Sparse broadcast optimization: Bounds and penalty override files are broadcast in their sparse Parquet form. Each rank performs the sparse-to-dense expansion locally (SS5). This reduces broadcast volume — only non-default values are transmitted.

6.1 Serialization Format

The serialization format for MPI broadcast is postcard (via serde).

postcard is a compact binary serde format. Rank 0 serializes the System struct via postcard::to_vec(&system), producing a Vec<u8> byte buffer. The buffer is broadcast via MPI_Bcast (two-step: size first, then contents). Receiving ranks deserialize via postcard::from_bytes::<System>(&buffer) into an owned System value. The format uses variable-length integer encoding (varint) for compact payloads and serde’s trait-based dispatch for handling all Rust types including Vec, String, Option, enums with data, and nested structs.

Why postcard over rkyv: rkyv was previously specified for this use case based on its zero-copy deserialization capability. An evidence-based evaluation (see plans/implementation-readiness-audit/epic-07-serialization-eval-and-output-api/report-027-rkyv-evaluation.md) found that the zero-copy benefit is immaterial for a once-per-execution operation: the marginal deserialization saving is under 2 ms for a ~6 MB payload, occurring exactly once in a program that runs for minutes to hours. Meanwhile, rkyv imposes 129 additional derive annotations across 43 types (on top of the 86 serde derives already required for JSON loading), requires wrapper types for external types like chrono::NaiveDate, and is pre-1.0 with a history of breaking API changes. postcard reuses the serde derives that all cobre-core types must implement for JSON input loading, adding zero additional trait burden. It is post-1.0 stable, has a minimal dependency footprint, and produces slightly smaller payloads than rkyv due to varint encoding.

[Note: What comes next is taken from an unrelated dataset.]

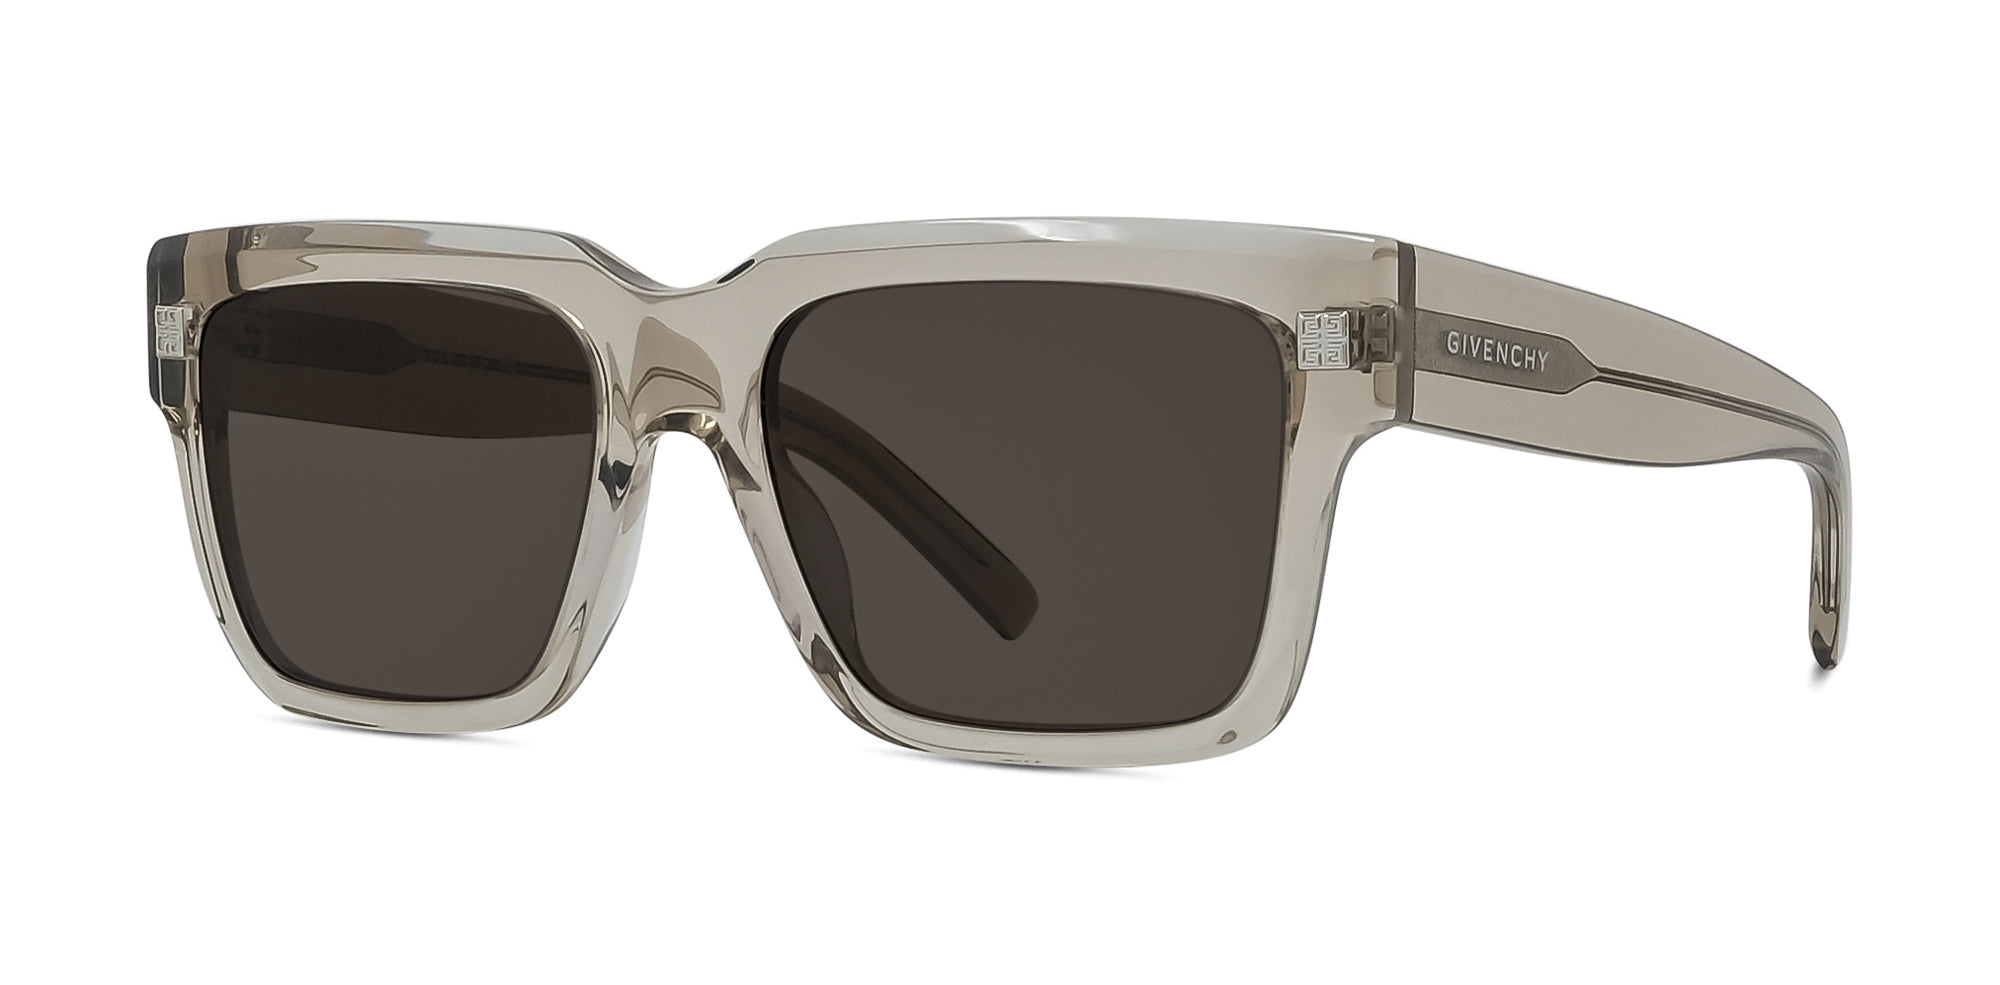 Buy Givenchy Sunglasses | SmartBuyGlasses India
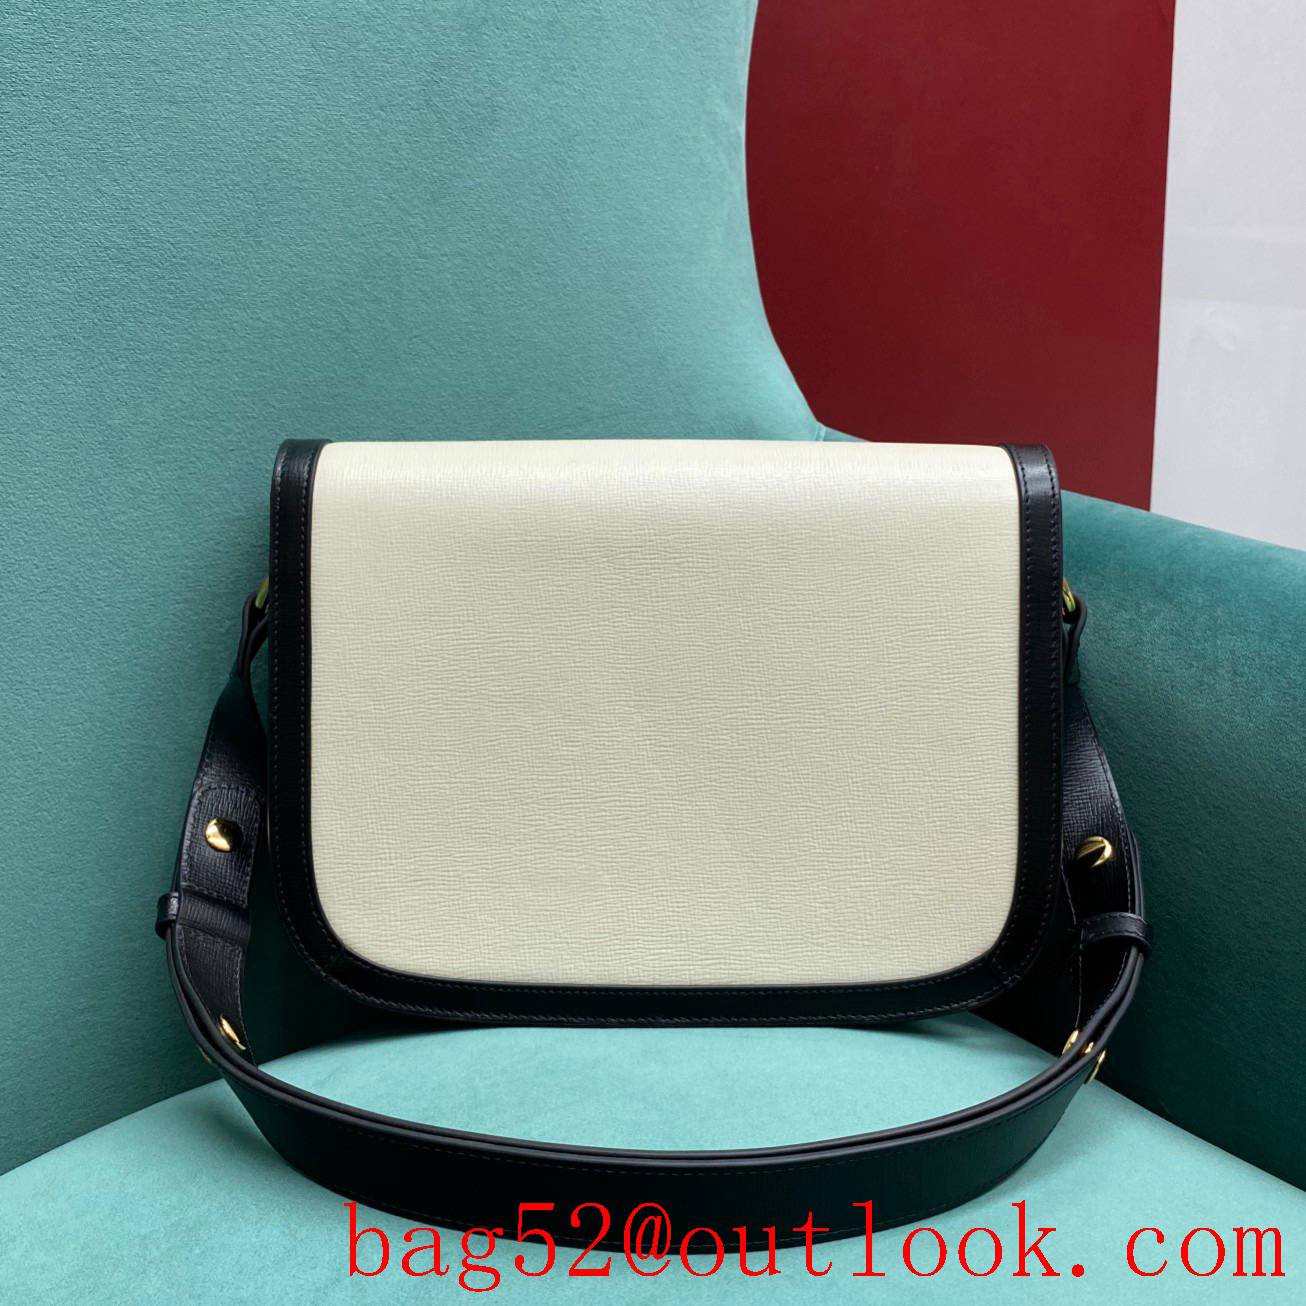 Gucci 1955 Full Leather Saddle yellow white shoulder handbag

Why not bincode: bincode was considered but is unmaintained. Its last release predates the current Rust edition.

Sparse broadcast and Parquet pass-through: For bounds and penalty override data broadcast in sparse Parquet form (see broadcast categories table above), postcard serializes only the metadata envelope (entity IDs, stage ranges, file identity). The raw Parquet bytes are passed through as-is in a separate broadcast buffer — they are not re-serialized through postcard. Each rank deserializes the metadata envelope via postcard and then performs sparse-to-dense expansion locally from the Parquet bytes.

6.2 Required Trait Bounds

All types that participate in the System broadcast must derive serde::Serialize and serde::Deserialize. These are the same trait bounds already required for JSON input loading — no additional broadcast-specific derives are needed. The complete list of types requiring these trait bounds:

Entity types:

  • System, Bus, Line, Hydro, Thermal, PumpingStation, EnergyContract, NonControllableSource

Temporal and topological types:

  • Stage, PolicyGraph, CascadeTopology, NetworkTopology

Pre-resolved data types:

  • ResolvedPenalties, ResolvedBounds

Scenario pipeline types:

  • ParModel, CorrelationModel

Other types:

  • InitialConditions, GenericConstraint

All nested types within these top-level types (e.g., tagged union variants within Hydro, individual bound entries within ResolvedBounds) must also satisfy the same trait bounds transitively. External types such as chrono::NaiveDate implement serde traits natively via the chrono/serde feature flag.

Derive example:

#![allow(unused)]
fn main() {
#[derive(serde::Serialize, serde::Deserialize)]
pub struct Hydro { /* ... */ }
}

HashMap lookup indices are NOT serialized. The System struct contains HashMap<EntityId, usize> fields (bus_index, hydro_index, thermal_index, etc.) that serve as O(1) lookup indices from entity ID to position in the corresponding Vec. These indices are excluded from serialization via #[serde(skip)]. Each receiving rank rebuilds them locally from the deserialized entity collections. This is correct because the indices are derived data — they are deterministically reconstructable from the entity vectors — and excluding them reduces the broadcast payload size and avoids serializing HashMap internal layout, which is not stable across allocator states.

6.3 Buffer Allocation

postcard produces a standard Vec<u8> with no special alignment requirements. The MPI receive buffer on worker ranks is a standard Vec<u8> allocated to the exact required size.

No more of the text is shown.